One of my favorite Bible verses is John 11:35, “Jesus wept.” Sure, I like it because it’s brief—the shortest verse in the King James Version of the Bible—but much more because it shows Jesus, the embodiment of God, steeped in human emotion to the point of tears. I also take solace in why Jesus cried. His friend Lazarus had just died.


What do we know about Lazarus? If he was a friend so loved by Jesus that his death brought the Son of Man, the Human One, the Word Made Flesh to weeping, we would do well to know more about Lazarus and what his friendship with Jesus can teach us about the sacred importance of a friend.


The prolific Presbyterian author, Frederick Buechner, writes in Telling the Truth that Lazarus “is the only friend the Gospels name who does not seem to have been a disciple especially but just a friend, somebody [Jesus] didn’t have to be the messiah with maybe but could just be himself with, somebody to have a drink with once in a while, to tell what it was like to be himself.” It’s no wonder Jesus wept.

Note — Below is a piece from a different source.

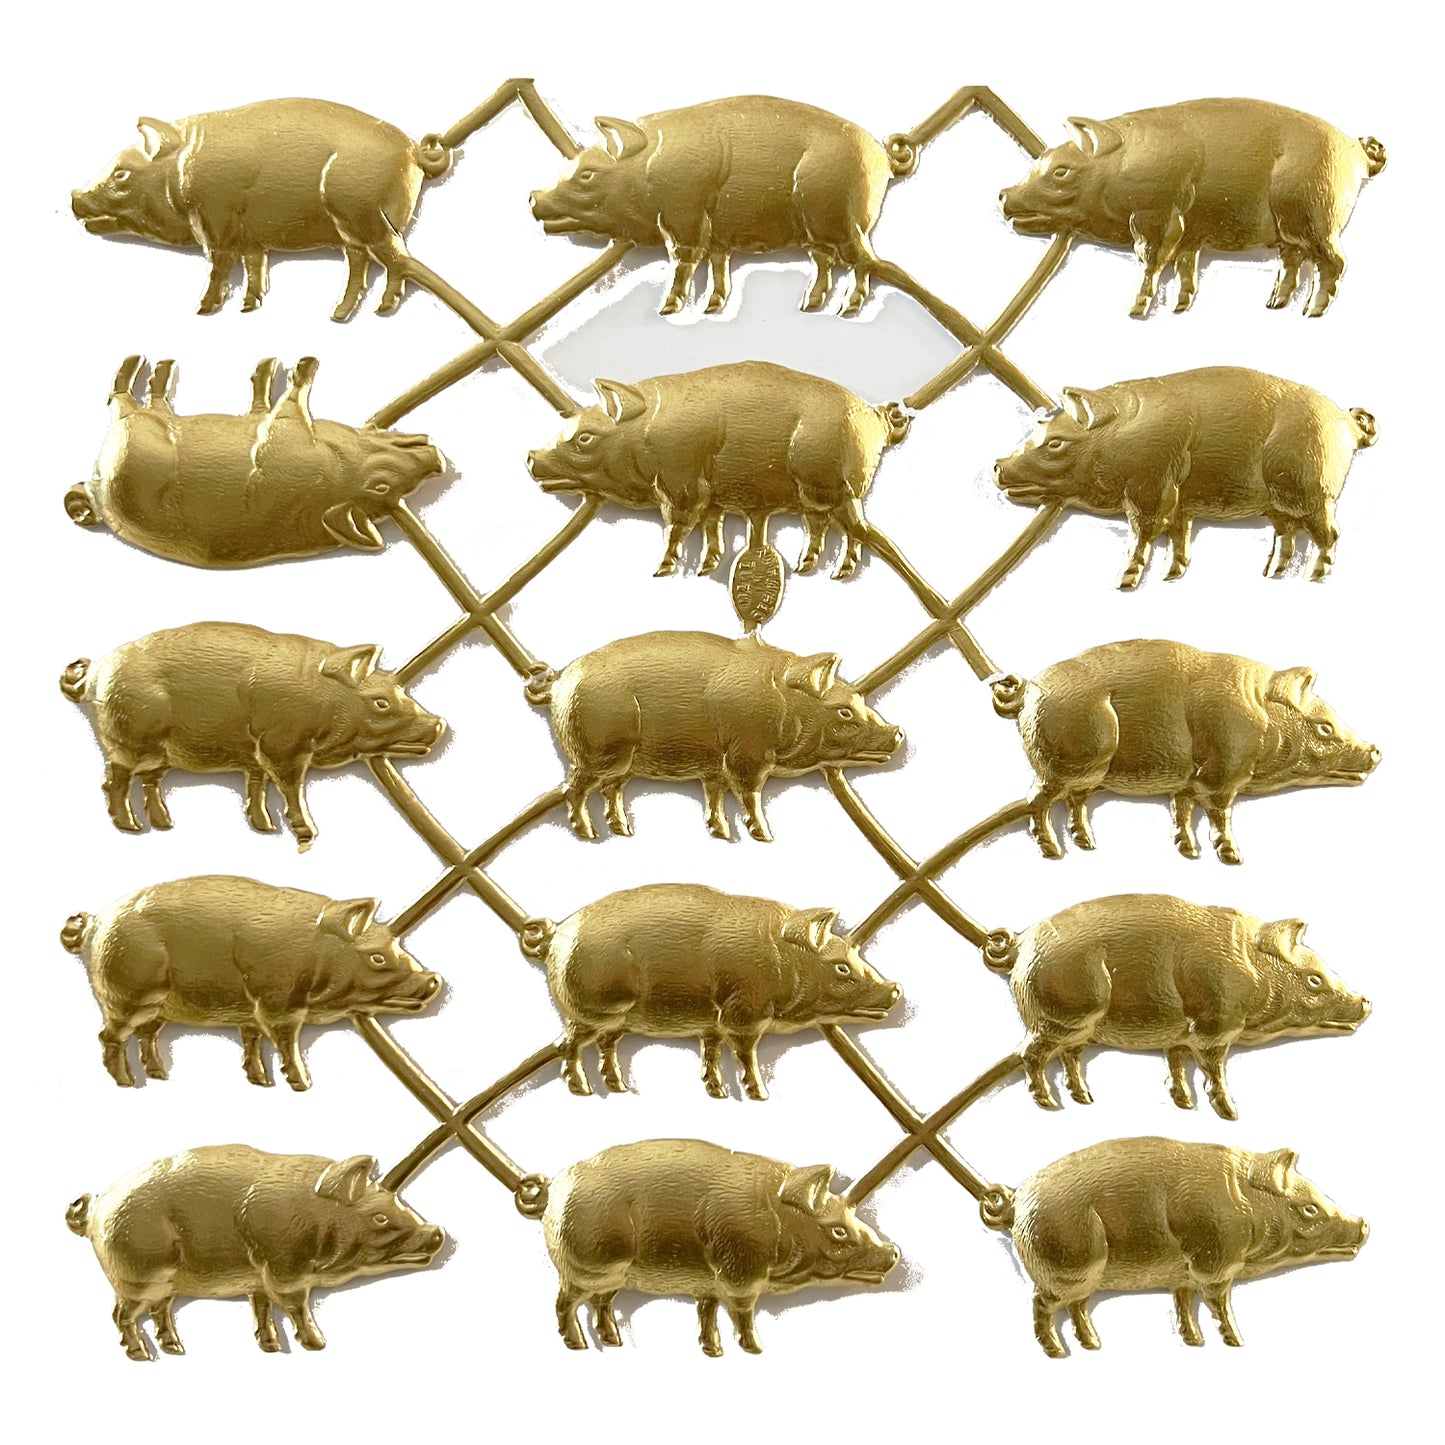 Pigs - set of 15

Losing a friend like that can feel like losing your loving care when you’re down and troubled, as Carole King might say, or as if a piece of your full self has vanished. I think of it like the friendship between Gordie Lachance and Chris Chambers, the coming-of-age boys in the 1986 movie Stand By Me, where one of them says, “See you around,” and the other always responds, “Not if I see you first.” Without Lazarus, who on earth would see Jesus with the uncritical eye of an honest friend?


For me, remembering Lazarus and his friendship with Jesus reminds me of the need we all have for friends like that. Establishing and maintaining connections with people who see us as we are—warts and all—with whom we can be ourselves completely, openly, vulnerably, and without fear of being misunderstood or unfairly judged is to the human spirit as rain is to parched earth.


One of the goals I had for my recent sabbatical was to reconnect with friends. I called a someone I’d known through years of Christian youth camps that I’d lost touch with when I moved away. I learned in our phone conversation that his parents were in poor health. When I apologized for not keeping in touch, he said I didn’t need to worry myself with that, because he knew I was there, as surely as I knew he is there for me. That goal was not and should not be relegated to a set-aside portion of time. Since the sabbatical ended, I’ve been keeping up with those rekindled connections, watering the dry places that always need attention both for the people who see and love me as I am, and for the ones I see and love without condition as best I can.


God calls us to always remember who we are and Whose we are. There is assurance and strength in that truth for the abundant living of these days. What better way to remember that than by nurturing our one-of-a-kind relationships, like the one Jesus had with Lazarus? Sacred friendships remind us of the truth that no matter how far we might wander from Love, that Love is always there, holding us as we are, strengthening us with all we need, and reassuring us that we don’t have to be anyone but the person God put us on this earth to be.